Green eggs and spam
I love the Dr. Seuss book Green Eggs and Ham and can remember reading it often to our kids when they were small. But that’s not what this is about. No, I’m talking about spam, and it doesn’t matter if it’s green or some other color. And just to be clear, this isn’t the spam that you eat. No sir, what I’m referring to is that uninvited email that unscrupulous advertisers send to my (and your) email account every day.
An estimated 40% of all email traffic is now spam!!! I know I’m running at about 50% now. On top of that, some well-meaning individuals generate what I call personal spam. They send or forward a regular stream of emails that makes a commercial spammer seem benign. I’m not talking about the occasional forward of an especially interesting email. We all do that on occasion (but do me a favor...blind copy those you forward to so that you’re not sharing everyone’s email address) but some people seem to view this as their contribution to society (and I know from experience how immaturely some will take a polite request to discontinue sending to you).
I would not like them here or there.
I would not like them anywhere.
I do not like green eggs and spam.
I do not like them, Sam-I-Am.
There’s a lot of buzz in the press and in political circles about how to fix the spam problem, but my own belief is that really effective solutions will have to come from the private sector. I’ve for some time now used spam filtering on selected email accounts to weed out emails from known spammers and find they are about 50 - 60 percent effective. Creating some filtering rules can bring this up o 70 - 80 percent capture rate, but that’s the best I’ve been able to achieve using these methods. There is also an ever-increasing batch of products that have more advanced spam filtering capabilities, sometimes as high as 96% capture, but they all also capture good emails so you have to constantly be checking what’s been blocked.
I’ve decided to try a different, and somewhat controversial, approach. I’m testing a challenge/response email service that virtually guarantees that no spam will get through. Here’s how it works:
Let’s say you send me an email from a new email address. Your email address will be checked against my address list, and since we’re talking about a new email address, there will not be a match. In this case you will immediately receive a “challenge/response” email and your original email will go to a special “pending” folder. Once you “respond” to the challenge/response email, your email address is added to my address list and your original email appears in my inbox. Since spam is almost always computer generated, it will not respond appropriately to the challenge email (and may not even receive it), so no spam gets through. I’ve been testing it on one of my email accounts now for a week and no spam has gotten through.

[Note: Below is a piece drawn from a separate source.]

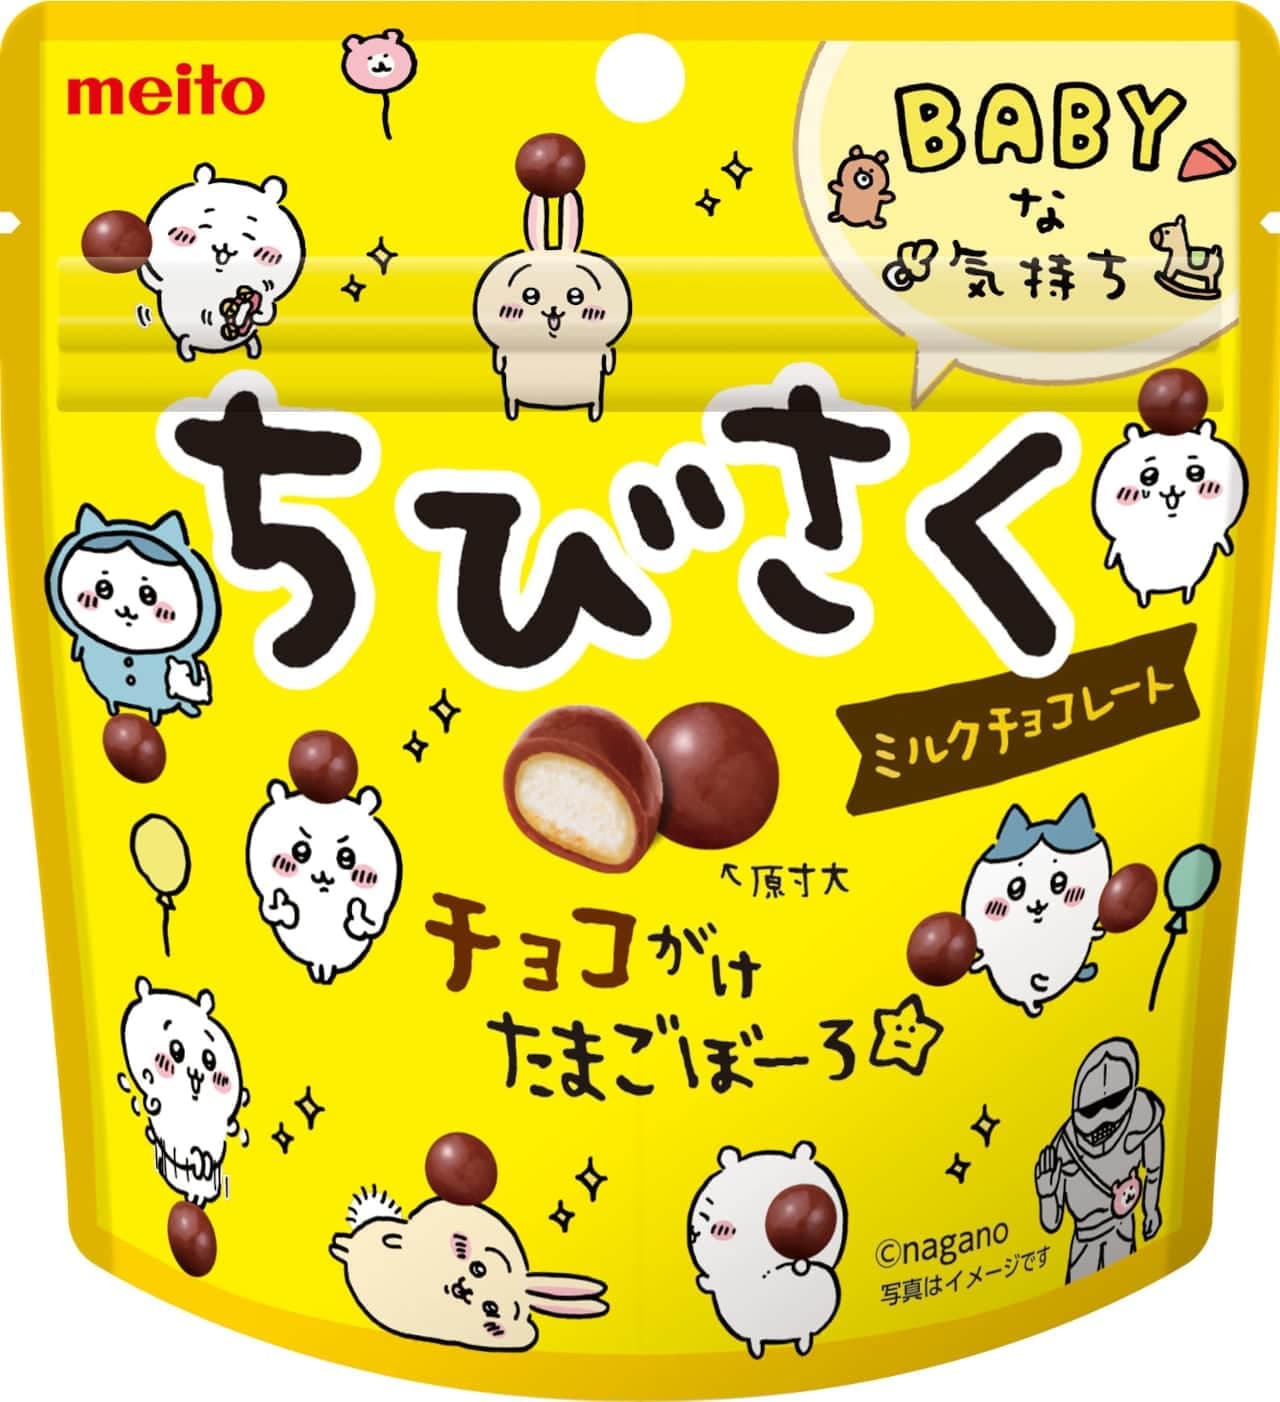 meito「ちびさく ミルクチョコレート」「ちびさく ホワイトチョコレート」

Sounds perfect, right? So why do I say it’s controversial. There are several reasons. First the person sending the email might be offended because the system basically begins with the assumption that email from an unconfirmed email address is spam. Personally, with all the attention spam has gotten recently, I don’t think this is such a big deal, especially since the challenge email is nicely worded.
Another issue is that the sender may send the original email and then shut down their email program thinking all is well. It may be a day or two before they check again and find that they received a challenge email immediately after sending their original email. That means there will have been a delay in getting the email sent out. This is to me the most serious flaw in the concept.

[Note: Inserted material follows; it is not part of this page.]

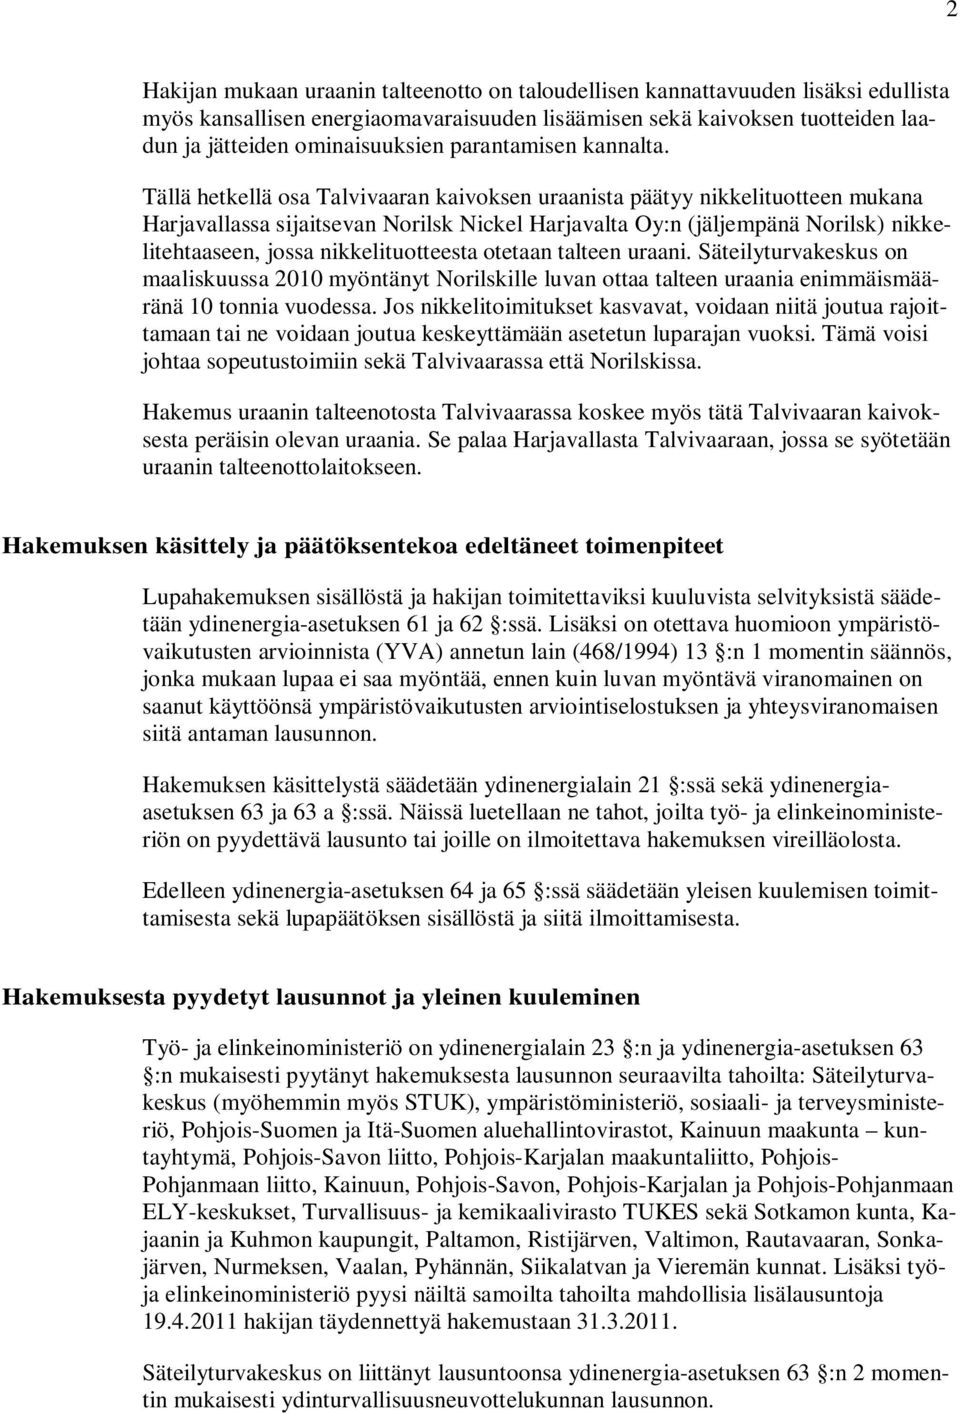 Tällä hetkellä osa Talvivaaran kaivoksen uraanista päätyy nikkelituotteen mukana Harjavallassa sijaitsevan Norilsk Nickel Harjavalta Oy:n (jäljempänä Norilsk) nikkelitehtaaseen, jossa

Finally the challenge/response method causes a small increase in email traffic. I frankly discount this argument completely. After all, only the first legitimate email gets challenged, and it’s a very small email. The total bandwidth used is negligible.
I do not like them in a box.
I do not like them with a fox.
I do not like them in a house.
I do not like them with a mouse.
I do not like them here or there.
I do not like them anywhere.
I do not like green eggs and spam.
I do not like them, Sam-I-am.
Because I find spam so distasteful (not the kind you eat of course), I’m willing to give this a try. Other steps I’ve taken are to unsubscribe to opt-in and routine emails from legitimate businesses (never “unsubscribe” to spam from unknown or less legitimate sources since that often serves to alert them that your email address is an active one), and I work hard not to post my email address anywhere on the web since there are email bots that will crawl the web looking for email addresses to add to their spam lists. On my Yahoo address I use their spam blocking service, which works reasonably well. It does let spam through and occasionally blocks legitimate email.
So what do you think? Does the method I’m testing sound reasonable to you? Are you doing something else that is particularly effective? Or do you have questions about this post or spam in general? Let me know! At some point I’ll post an update of my experience with my challenge/response test.